日本が向き合う「初戦」の難しさ 日々是亜洲杯2019(1月8日)

宇都宮徹壱

「まだまだ中澤選手に追いつけていない」

前日会見に臨む、森保一監督(左)と吉田麻也。引退を表明したレジェンドに関する質問があった 【宇都宮徹壱】

 アジアカップ4日目。この日はアブダビでイラク対ベトナムが、そしてドバイではサウジアラビア対北朝鮮の試合が行われる。このうちイラク対ベトナムは、非常に興味がそそられるカードである。が、この日は同じアブダビにて、日本代表の前日会見が予定されていた。グループFの日本は9日、トルクメニスタンとの初戦を迎える。この試合の重要性をかんがみるなら、やはりこちらを優先するほかないだろう。

 前日会見には、森保一監督に加えてキャプテンの吉田麻也も同席。冒頭、現役引退が発表されたばかりの元日本代表、中澤佑二と楢崎正剛についてコメントを求められた吉田は、やや神妙な面持ちでこう語った。

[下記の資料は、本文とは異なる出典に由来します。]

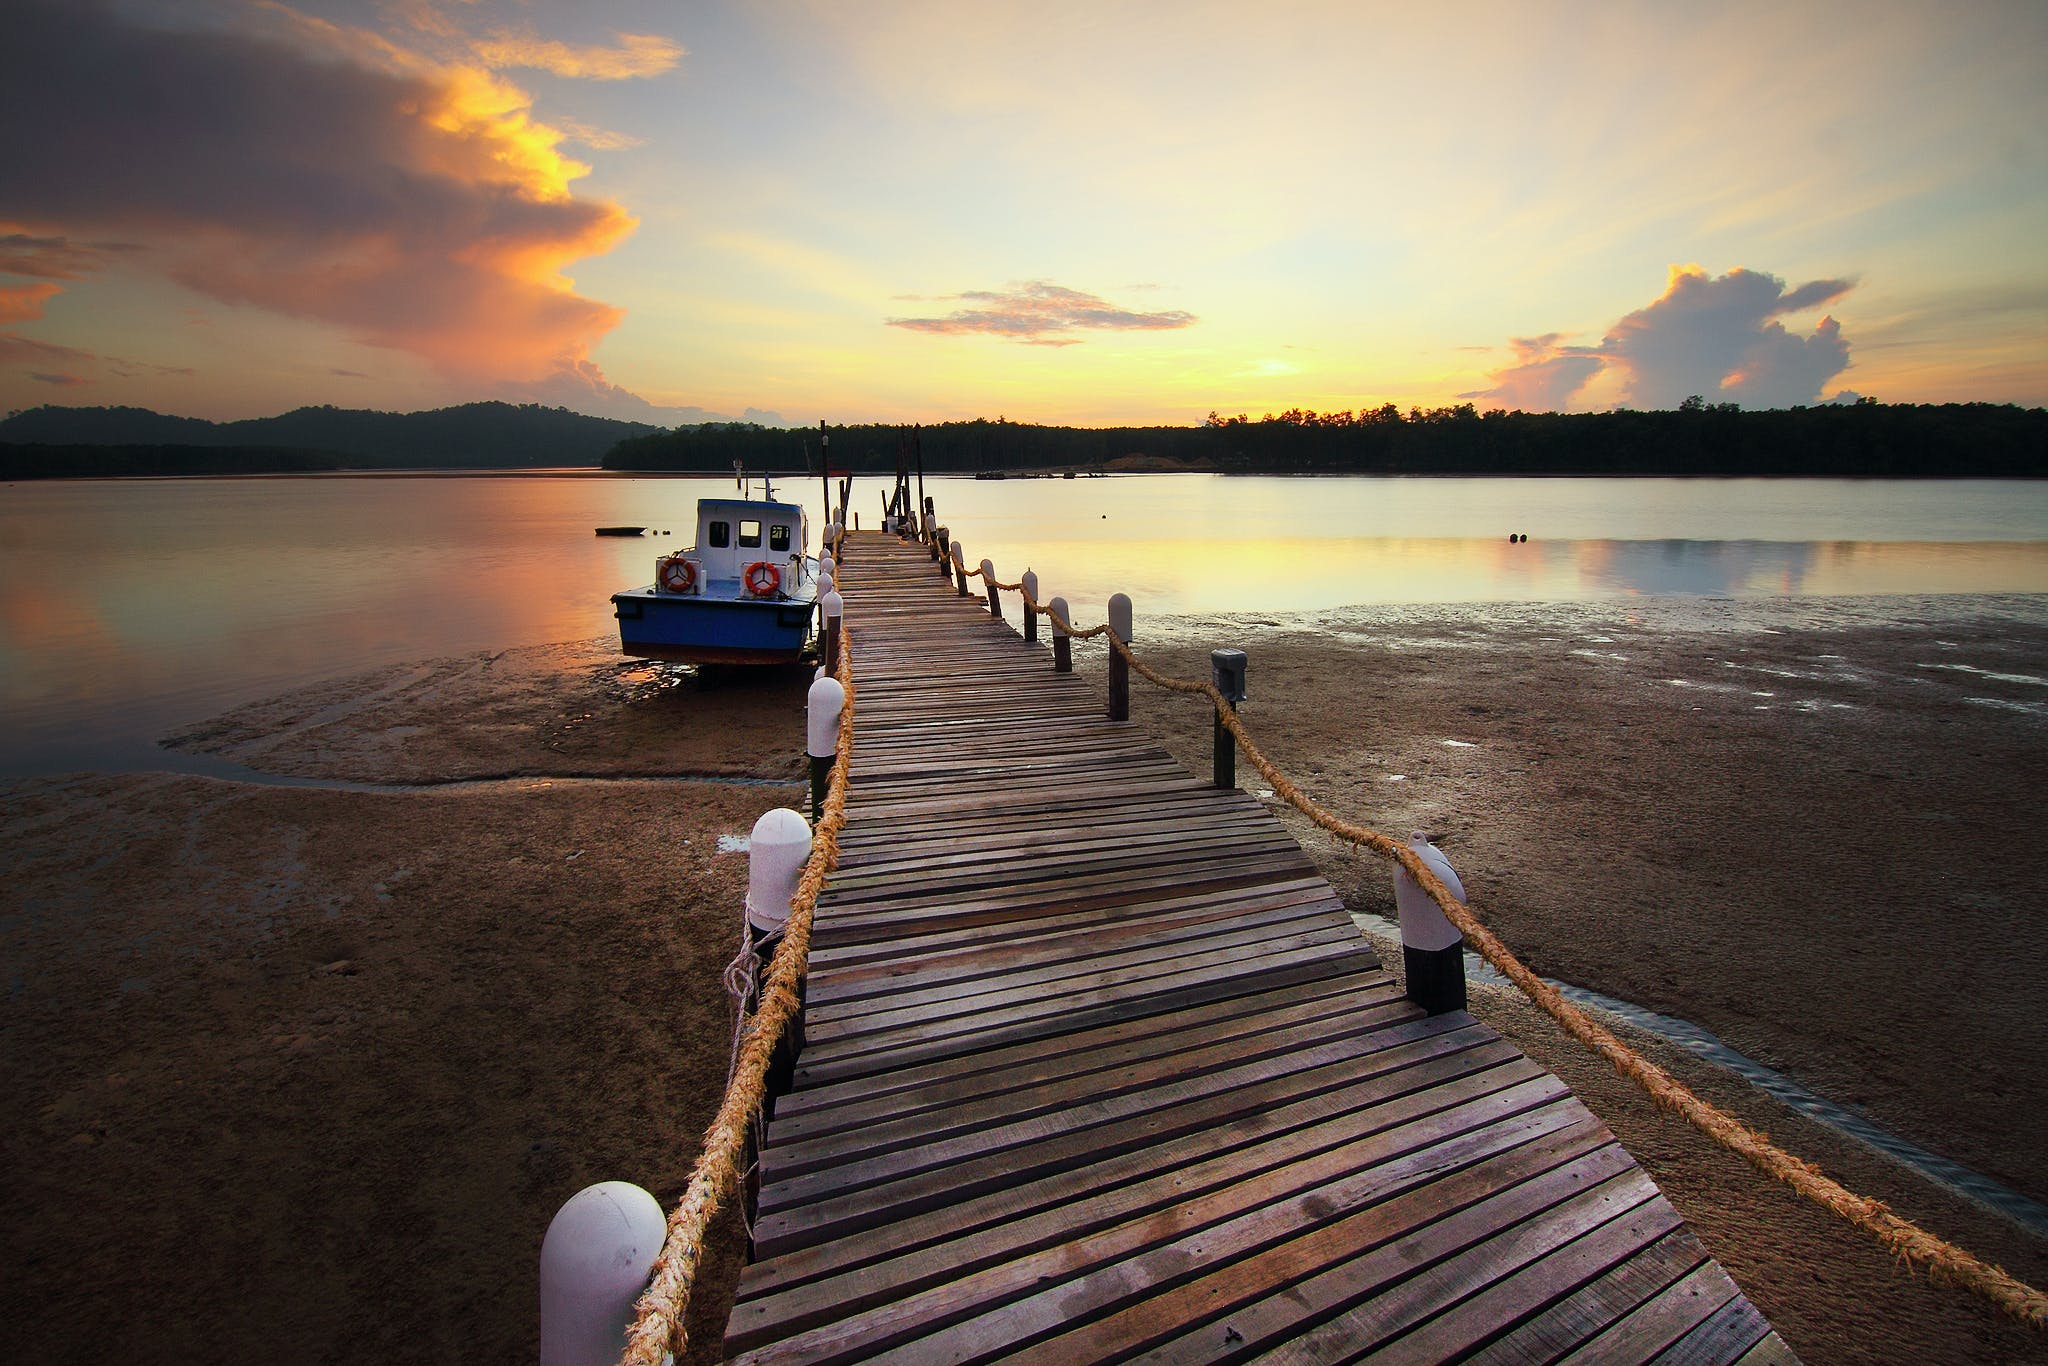 Fotos de stock gratuitas de agua, amanecer, arboles, barca

「楢崎選手に関しては、個人的にもずっと憧れてきて、背中を追い続けた選手です。中澤選手に関しても、(彼が)代表を去ってから同じ22番を引き継いで、ずっと背中を追いかけてきました。正直、見えない背中を追いかけている感覚でしたね。もちろん、試合数もゴール数も、まだまだ中澤選手に追いつけていないですが(苦笑)」

 吉田が日本代表に定着したのは2011年のアジアカップ以降で、楢崎や中澤とは入れ替わるタイミングであった。それでも楢崎は名古屋グランパス時代の先輩であり、中澤についても(当人が言及するように)22番とディフェンスリーダーの役割を引き継いで今に至っている。その吉田も代表のキャプテンマークを託され、世代交代が進むチームのけん引役が求められる立場となった。それでも「まだまだ中澤選手に追いつけていない」という言葉から、謙遜(けんそん)めいたものは微塵も感じられない。

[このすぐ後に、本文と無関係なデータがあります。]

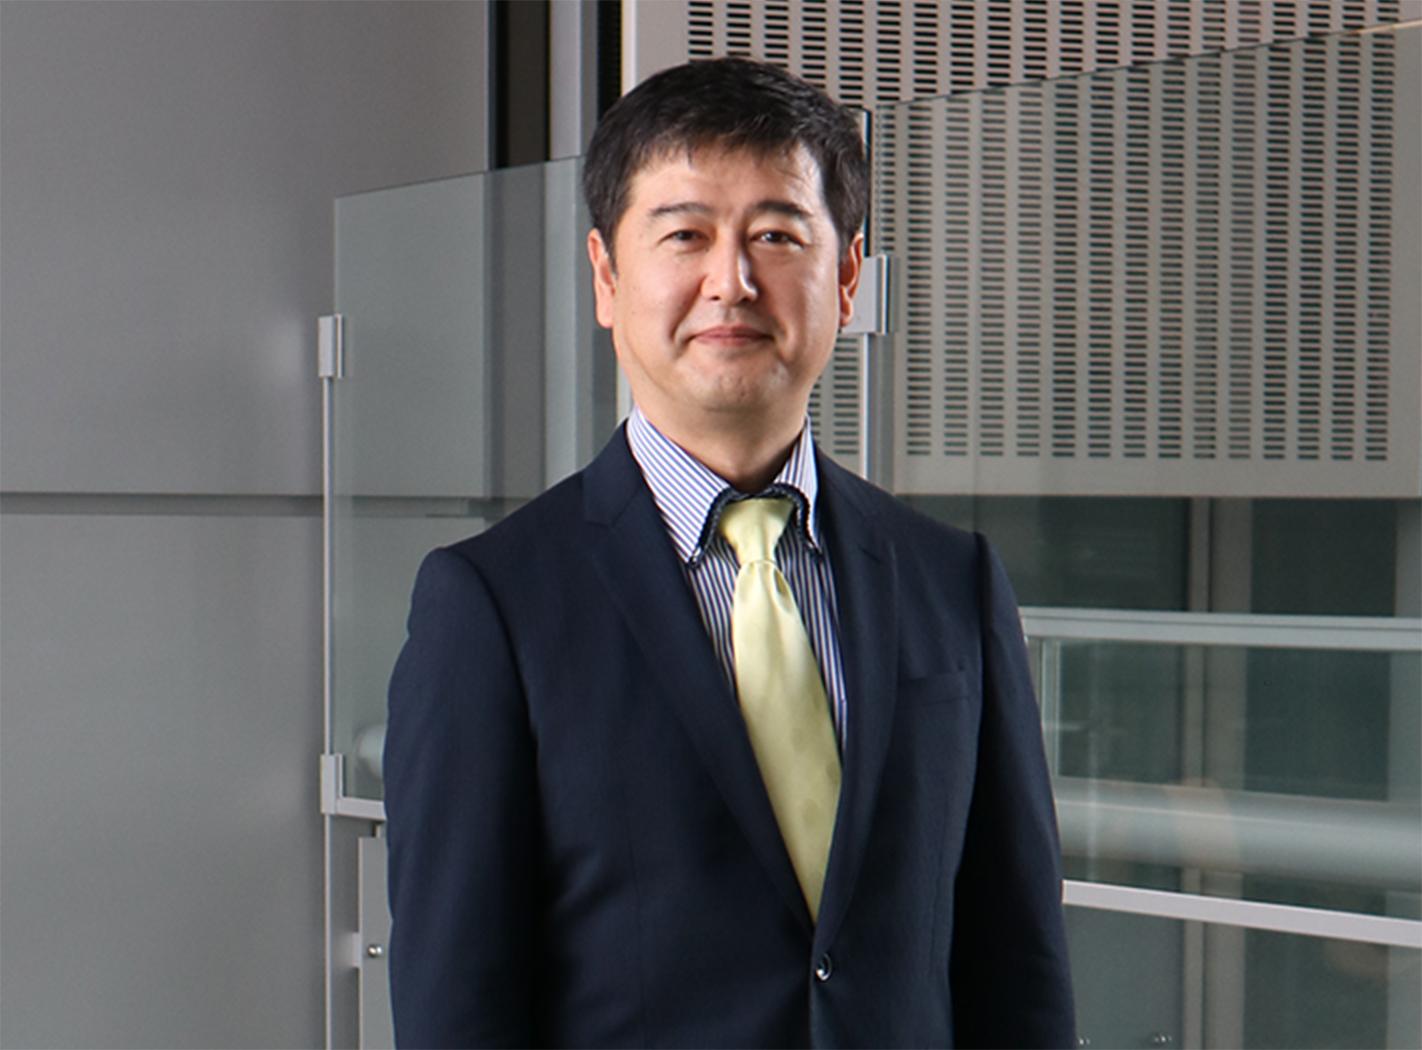 株式会社エヌエムシイ 営業部 部長 鈴木 智博

 ところで「平成最後のオフ」は、何とレジェンドの現役引退が多かったことだろう。ワールドカップ(W杯)出場経験のある元日本代表に限っても、川口能活、小笠原満男、そして今度は中澤と楢崎。この4人が出場したアジアカップといえば、日本が3度目の優勝を果たした04年の中国大会が思い出される。もっとも当時のジーコ監督率いる日本代表は、スタメンとサブが固定化されており、小笠原と楢崎はずっとベンチスタート。それでも出場機会の垣根を超えて結束した、実に応援しがいのある日本代表であった。

アジアカップの初戦は日本の「鬼門」か?

日本の初戦が行われるアル・ナヒヤーン・スタジアム。「初戦の難しさ」を打破できるか 【宇都宮徹壱】

 話を日本の前日会見に戻す。この日、海外メディアからは「初戦のプレッシャー」に関する質問が相次いだ。前回大会のファイナリストであるオーストラリアと韓国が、いずれも初戦で苦しんだことが念頭にあったのは明らかだ(オーストラリアはヨルダンに0−1で敗れ、韓国はフィリピンに1−0で辛勝)。これに対して森保監督は「どの対戦相手も力があるからこそアジアカップに出場していると思いますし、われわれはどのチームと戦う時も厳しさを覚悟しながら準備をすべきだと思っています」と語っている。

 アジアカップの難しさについて「W杯と違って、アジアの中で勝たないといけないというプレッシャーがある」と語っていたのは吉田であった。実際、過去5大会の日本のアジアカップ初戦を振り返ると、00年大会(サウジアラビアに4−1)と15年大会(パレスチナに4−0)を除く3試合はいずれも接戦。しかも07年大会(対カタール)と11年大会(対ヨルダン)は、共に1−1のドローであった。アジアカップの初戦を「鬼門」と呼ぶのは、いささか大げさに過ぎるのかもしれない。が、情報が少ないトルクメニスタンが相手だけに、油断は禁物だ。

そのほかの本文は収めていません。